So I opened my laptop, created a new directory, and did what I always do first: I wrote the domain layer. Not a web server. Not a database schema. Not even a "hello world" endpoint. The domain. Movie. Review. Rating. Trait definitions for MovieRepository, MetadataProvider, PosterStorage. Pure types, zero dependencies, zero I/O.
Then the application layer. The use cases. LogReview. GetDiary. FetchMovieMetadata. Just orchestration through the ports. At this point, the project had no idea what a database was. It didn't know HTTP existed. It was pure business logic floating in the void, and it compiled, and it was correct.
I always start here because the domain and application layers are the soul of your software. They're the most stable part. They only change when business rules change, which, for a movie diary, is basically never. Everything else (database, web framework, storage) is just details. Adapters. If you get one wrong, you just unplug it and write another. You don't have to be nearly as careful with them.
Now, most languages let you enforce these boundaries: separate projects, separate assemblies, whatever your ecosystem calls them. The tools are there. But not everyone uses them. It's very tempting to just throw everything into one project and say "eh, I'll keep the layers separate by convention." And you will, for about two weeks, until it's 3 AM and you just need to quickly access the database from the domain layer, just this once, just a small thing, let me just add it here and be done.

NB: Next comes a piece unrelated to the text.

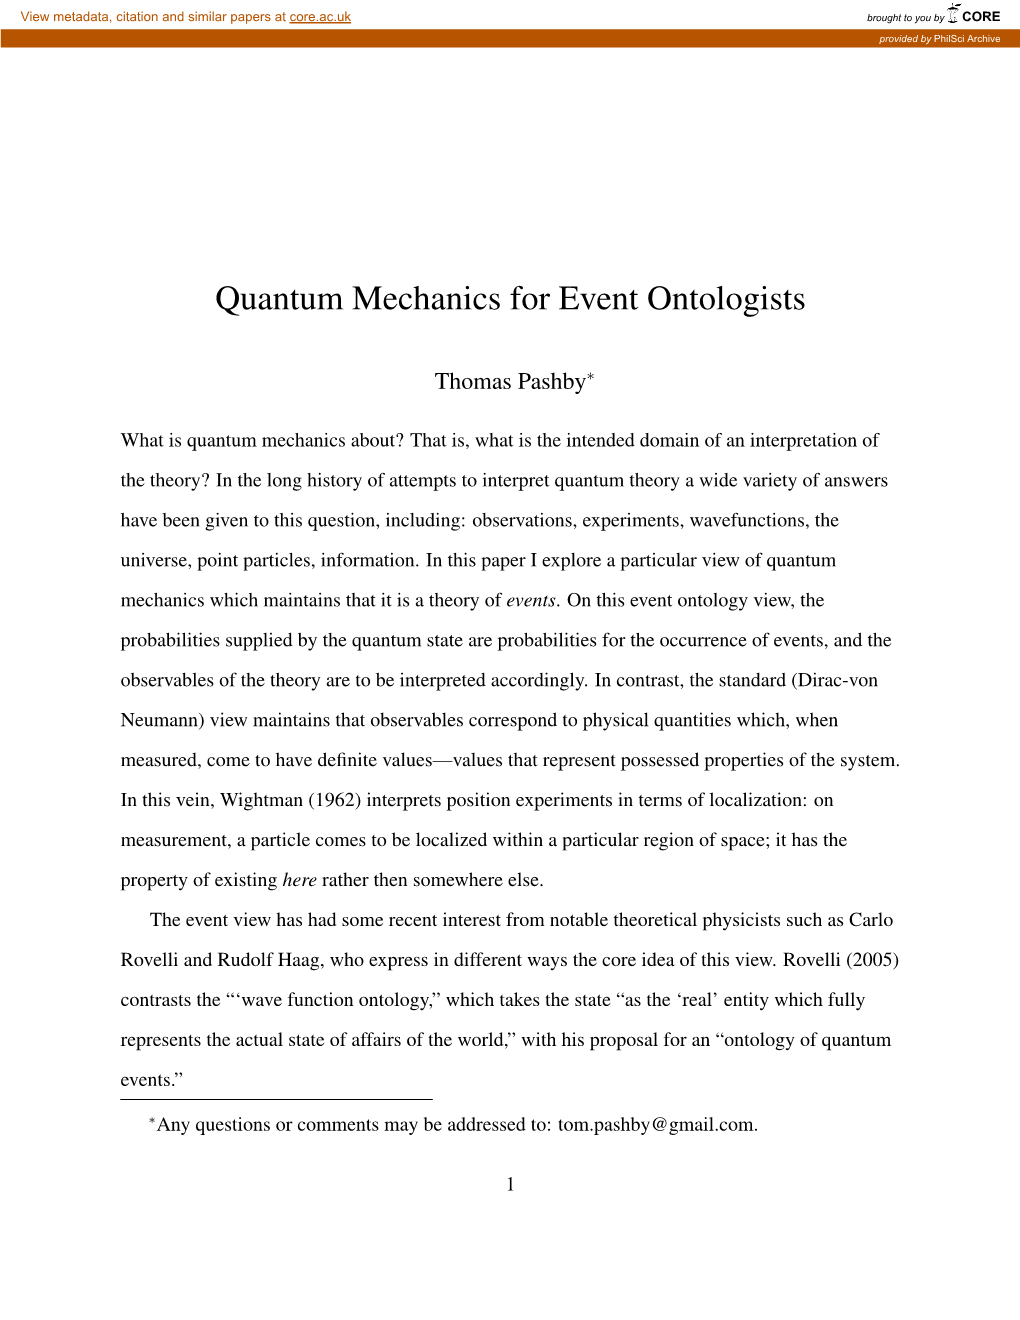 Quantum Mechanics for Event Ontologists

I know myself. I know my lazy human brain would absolutely do that.
So I used the strongest guard I had: separate crates. Each layer, each adapter, its own crate. The domain crate cannot import the SQLite crate. The compiler literally won't let it. Every port is a trait. Every adapter is a crate that implements that trait. No willpower required.
And it's not just about me. Maybe I'd stay disciplined. But if someone else ever contributes to this project, they don't have to know the rules. The compiler already knows them. Of course, in the end the ball is always in the programmer's hand. You can always work around anything if you really want to. But at least you have to try to break it, instead of breaking it by accident.
Once I was happy with the soul of the app, I started plugging things in. SQLite for persistence. OMDb for movie metadata. Askama for HTML templates. Axum for routing. Each one its own crate, implementing the traits from the domain. By somewhere around midnight, maybe 1 AM (time gets fuzzy), I had a working movie diary. Register, log in, search for a movie, write a review, see your diary. Posters and everything.
A sane person would have stopped there. That was the widget. That was the whole original idea. Ship it, embed it, done.
But then I thought: okay, but what about federation?
Down the ActivityPub rabbit hole
Remember the whole Fediverse tangent from earlier? Yeah, that came back to haunt me about four hours into the project.
I had a working CRUD app. Everything worked locally. And in that post-midnight, slightly delirious state of flow, my brain decided this was the perfect time to federate the thing.
I'm not insane enough to implement ActivityPub from scratch, though. There's a great Rust crate called activitypub_federation that handles the hard stuff: HTTP signatures, JSON-LD, inbox/outbox routing, WebFinger, all of that. My job was to wrap it and wire it into my project.
I ended up creating two crates, and this split wasn't random. Movies Diary wasn't the only project I had in mind. I was already planning other apps that would need federation, and I knew that if I mashed the protocol glue directly into this project, I'd be copy-pasting hundreds of lines next time around. So I split it: a generic activitypub_base crate that wrapped activitypub_federation with all the Axum boilerplate, and a Movies Diary-specific activitypub adapter that knew about my domain.
That bet paid off fast. activitypub_base later became its own standalone library, k-ap, and I reused it in Thoughts, my social platform project that I've been building on and off since 2024 (if you've read my previous posts, you know the one). ActivityPub integration was always on the roadmap for Thoughts, and thanks to k-ap, it was basically plug-and-play. HTTP signatures, actor resolution, inbox routing, all already done. I just wrote the adapter for Thoughts' domain types and federation worked out of the box.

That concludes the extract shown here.